Determining Cell Types with cCREs Enriched in GWAS SNPs

For studies with more than 25 lead SNPs, we performed biosample enrichment analysis. For each study, we generated a matching set of control SNPs as follows: for each SNP in the study (p-value < 10^-6) we selected a SNP on Illumina and Affymetrix SNP chips that fell within the same population-specific minor allele frequency (MAF) quartile and the same distance to TSS quartile. We repeated this process 500 times, generating 500 random control SNPs for each GWAS SNP. Then, for both GWAS and control SNPs, we retrieved all SNPs in high linkage disequilibrium (LD r² > 0.7), creating LD groups. This method was adapted and modified from the Uncovering Enrichment through Simulation (UES) method developed by the Klein Lab (Hayes et al. 2015).

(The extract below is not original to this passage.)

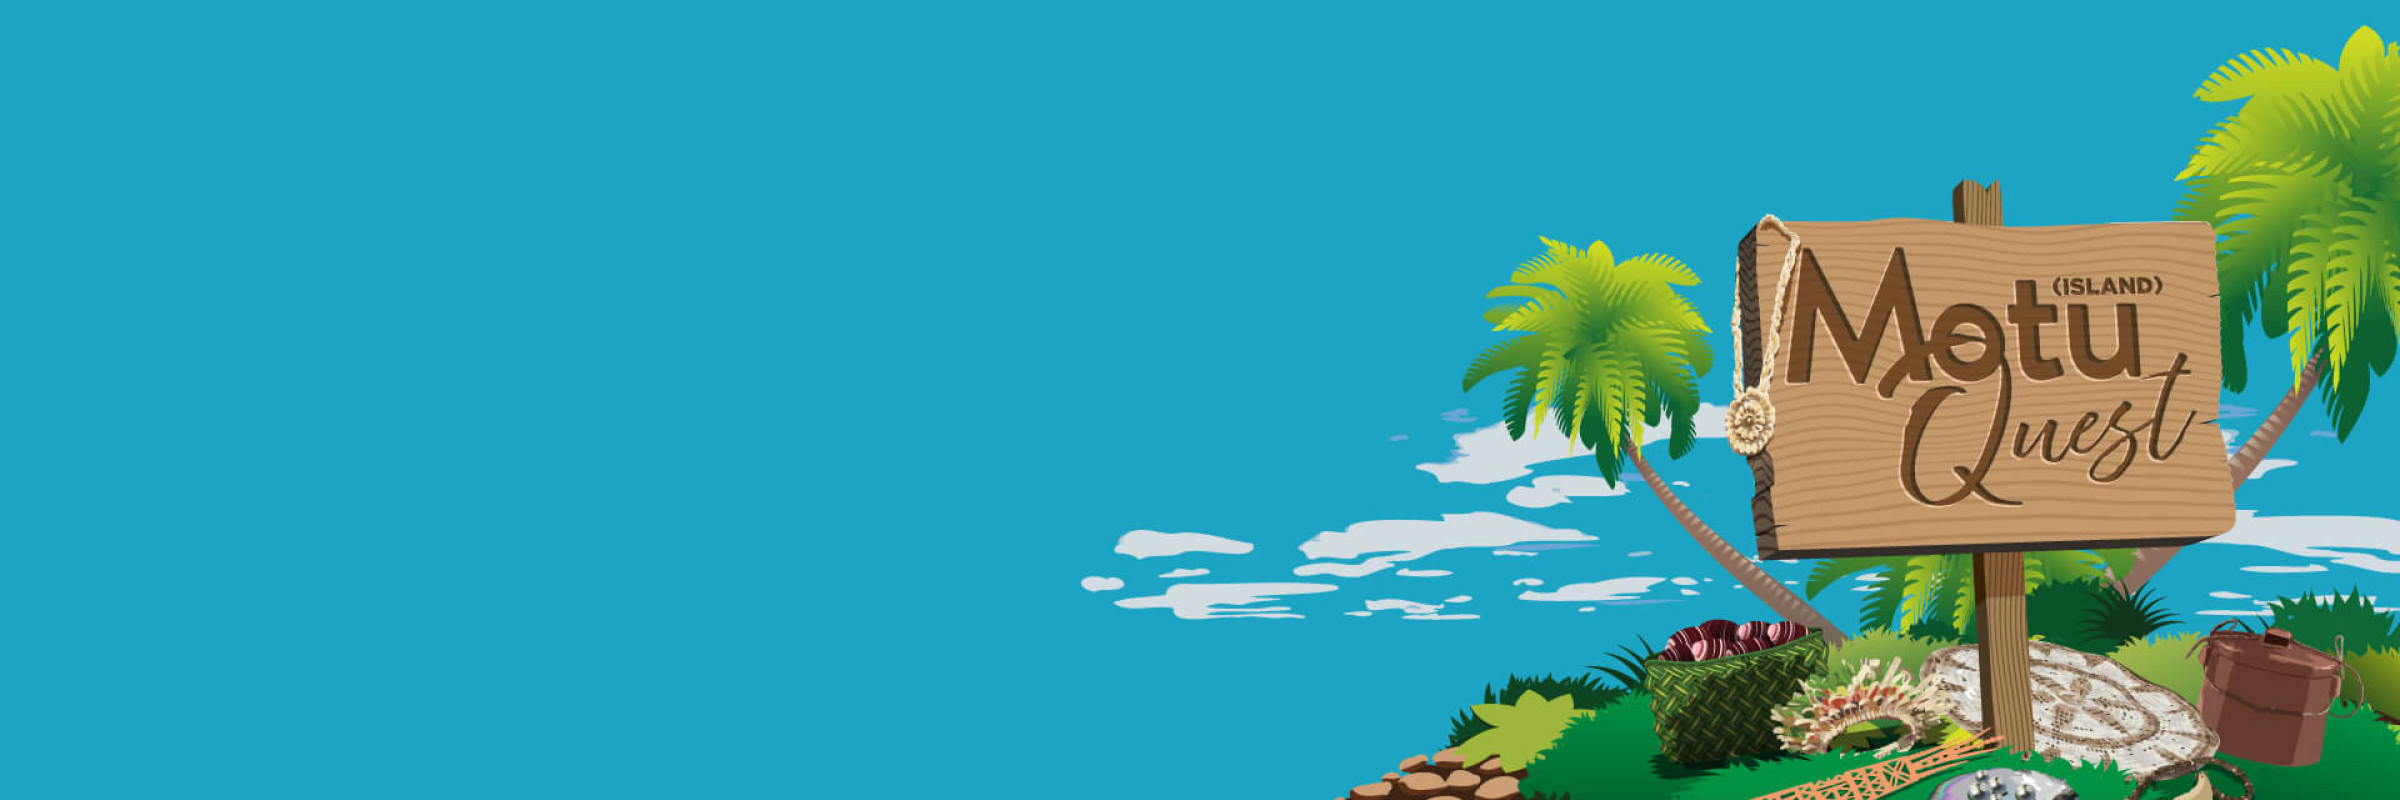 Motu Quest Landing page banner island
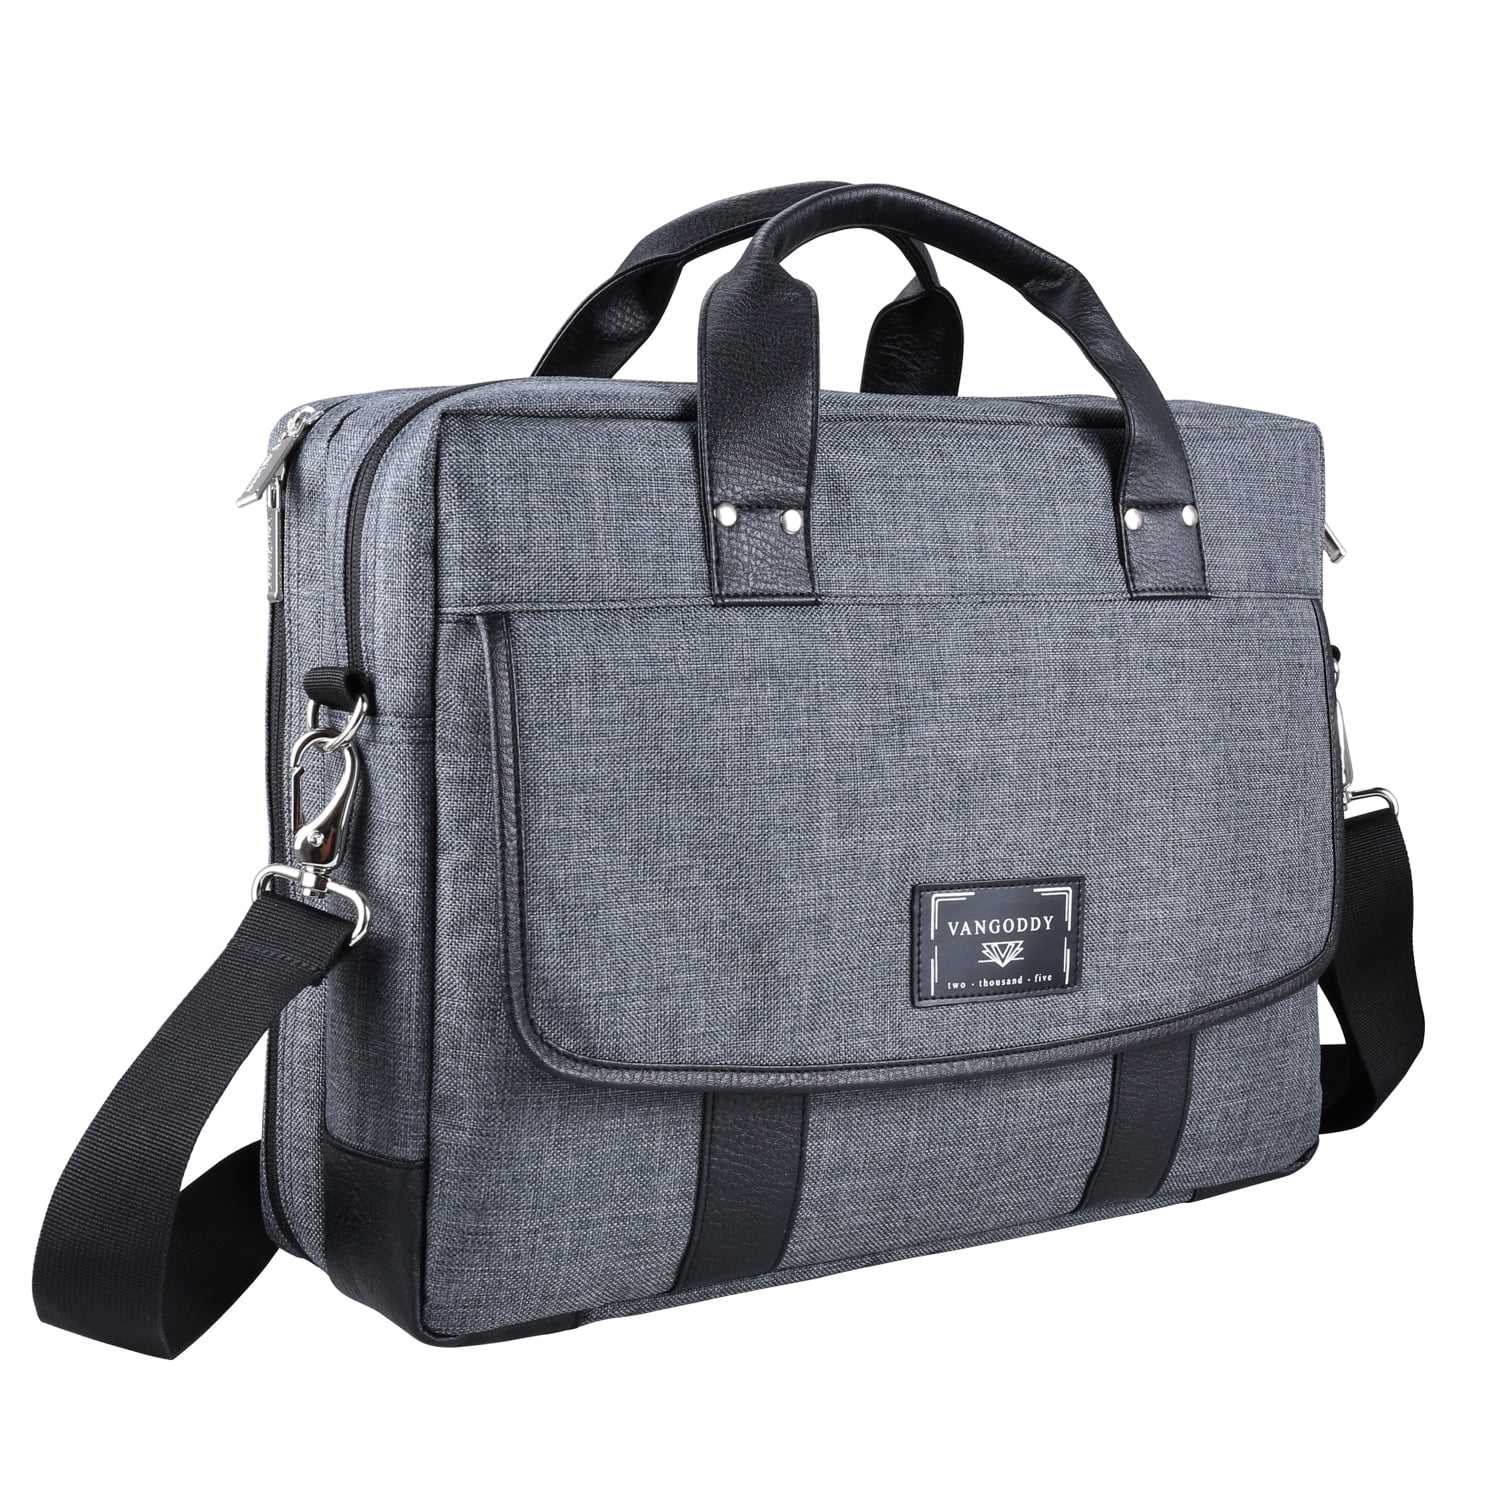 DOMISO 17 inch Laptop Sleeve Shoulder Bag Water-Resistant Messenger Bag Business Briefcase for 17.3 Notebooks/17.3 Dell Inspiron/MSI GS73VR Stealth Pro/Lenovo IdeaPad/HP Envy/LG Gram/ASUS ROG,Blue

To assess whether the cCREs in a biosample were enriched in the GWAS SNPs, we intersected GWAS and control LD groups with cCREs with an H3K27ac Z-score `>` 1.64 in the biosample. To avoid overcounting, we pruned the overlaps, counting each LD group once per biosample. We modified the UES method by calculating p-values from Z-scores for performing statistical testing. We calculated enrichment for overlapping cCREs by comparing the GWAS LD groups with the 500 matched controls. Finally, we applied a false discovery rate threshold of 5% to each study.

How to Cite the ENCODE Encyclopedia, the Registry of cCREs, and SCREEN

• ENCODE Project Consortium, Jill E. Moore, Michael J. Purcaro, Henry E. Pratt, Charles B. Epstein, Noam Shoresh, Jessika Adrian, et al. 2020. “Expanded Encyclopaedias of DNA Elements in the Human and Mouse Genomes.” Nature 583 (7818): 699–710.